= Controller General of Accounts (Pakistan) =

The Controller General of Accounts (CGA) is the premier accounting office of the Government of Pakistan. The Office is entrusted with the task of producing accurate and timely financial statements for the federation. It was formed under an ordinance issued in 2001. The Office achieves task through dedicated human resources, immense investment in infrastructure and strict quality control checks by the Senior Officers.
It is also responsible for disbursing government money in form of payments of salaries and allowances to government servants and payments to contractors. All these transactions and any other transactions by Government of Pakistan, are captured in the SAP ERP and then the information is used to generate monthly, quarterly and yearly financials.
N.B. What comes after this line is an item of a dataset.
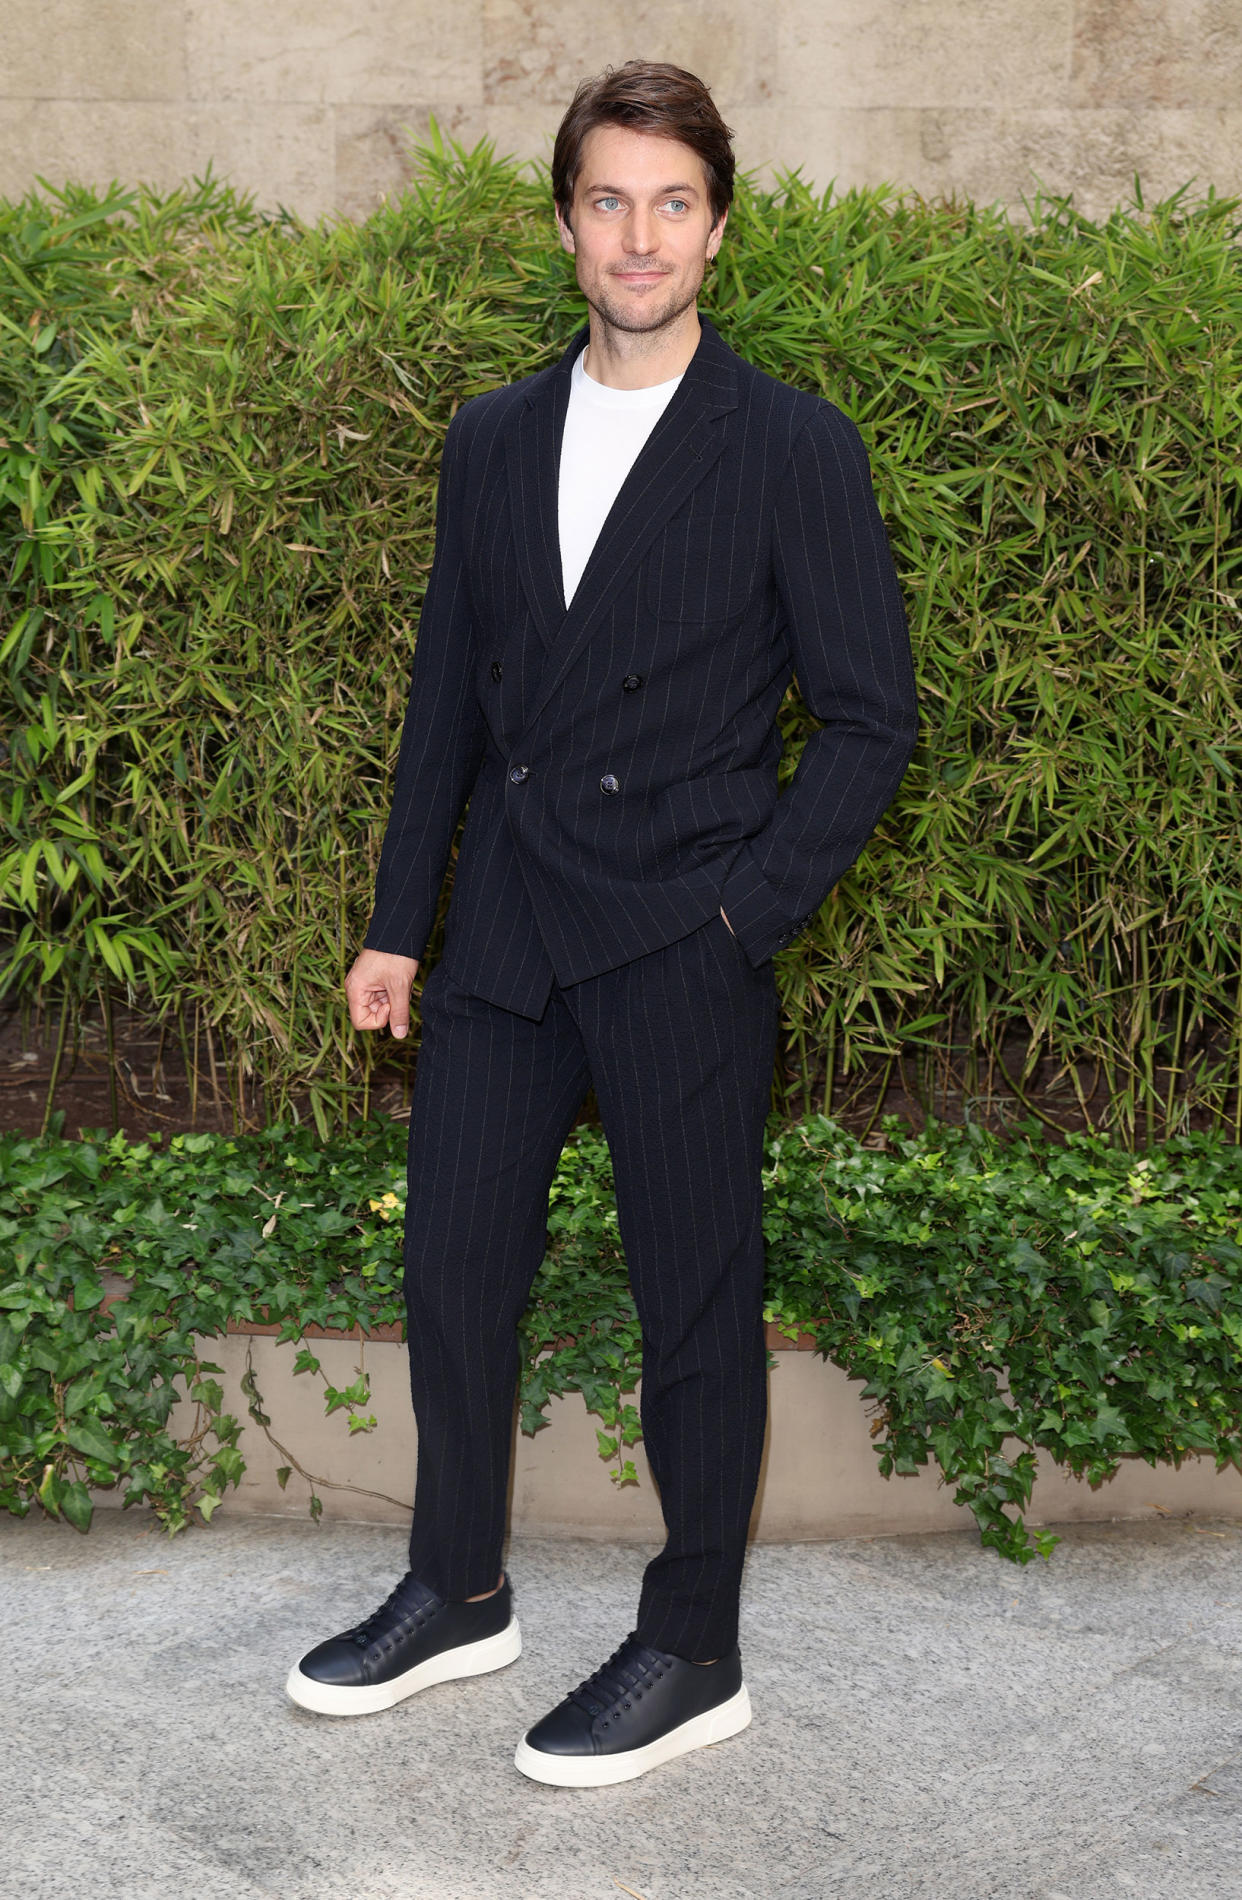 MILAN, ITALY - JUNE 20: Lucas Bravo is seen on the front row at the Giorgio Armani fashion show during the Milan Fashion Week S/S 2023 on June 20, 2022 in Milan, Italy. (Photo by Jacopo Raule/Getty Images) (Jacopo Raule / Getty Images)

The Controller General of Accounts is appointed by the President from amongst the officers of the Accounts Group and shall hold a civil service rank of BPS 22.

==Detailed functions ==
The functions of the Controller General are:
- to prepare and maintain the accounts of Pakistan, the Provinces and district governments in such forms and in accordance with such methods and principles as the Auditor-General may, with the approval of the President, prescribe from time to time.
- to authorize payments and withdrawals from the Consolidated Fund and Public Accounts of the Federal and Provincial Governments against approved budgetary provisions after pre-audited checks as the Auditor-General may, from time to time, prescribe.
- to prepare and maintain accounts of such organizations and authorities established, set up or controlled by the Federation or Provinces as may be assigned to him by the President or, as the case may be, the Governor of a Province.
- to lay down the principles governing the internal financial control for Government departments in consultation with the Ministry of Finance and the Provincial Finance departments as the case may be.
- to render advice on accounting proceeding for new scheme, programmes or activities undertaken by the Government concerned.
- to submit accounts compiled by him on any other person responsible in that behalf, after the close of each financial year, to the Auditor-General, showing under the respective heads, the annual receipts and disbursements for the purpose of Federation and of each Province within the time-frame prescribed by the Auditor-General.
- to provide, in so far as the accounts compiled by him permit, to the Federal Government or, as the case may be, the Provincial
- develop and maintain an efficient system of pension, provident funds and other retirement benefits in consultation with the concerned Government.
- to co-ordinate and ensure resolution of audit observation of the Audit Department with the concerned departments
- to prescribe syllabus, standards and provide facilities for the training of officers and staff under his administrative control.

==Certain offices to work under the control of the CGA==
- The Controller General shall have such offices at the Federal, Provincial and district levels and such officers working in these offices as may be notified for this purpose by the Federal Government and the respective Provincial Government.
- Until such time the offices of the Controller General specified in sub-section (1) are notified the following accounting organizations shall work under the Controller General, namely:
  - the Accountant General of Pakistan Revenues and its sub-offices
  - the Military Accountant General and its sub-offices
  - the Offices of the Provincial Accountants General of each Province and the offices subordinate to them
  - the Chief Accounts Officers of the departmentalized accounting offices
  - any other departmentalized accounting organizations as well as their sub-offices.
- The Controller General shall be the administrative head of all the offices subordinate to him with full authority for transfer and posting within his organization.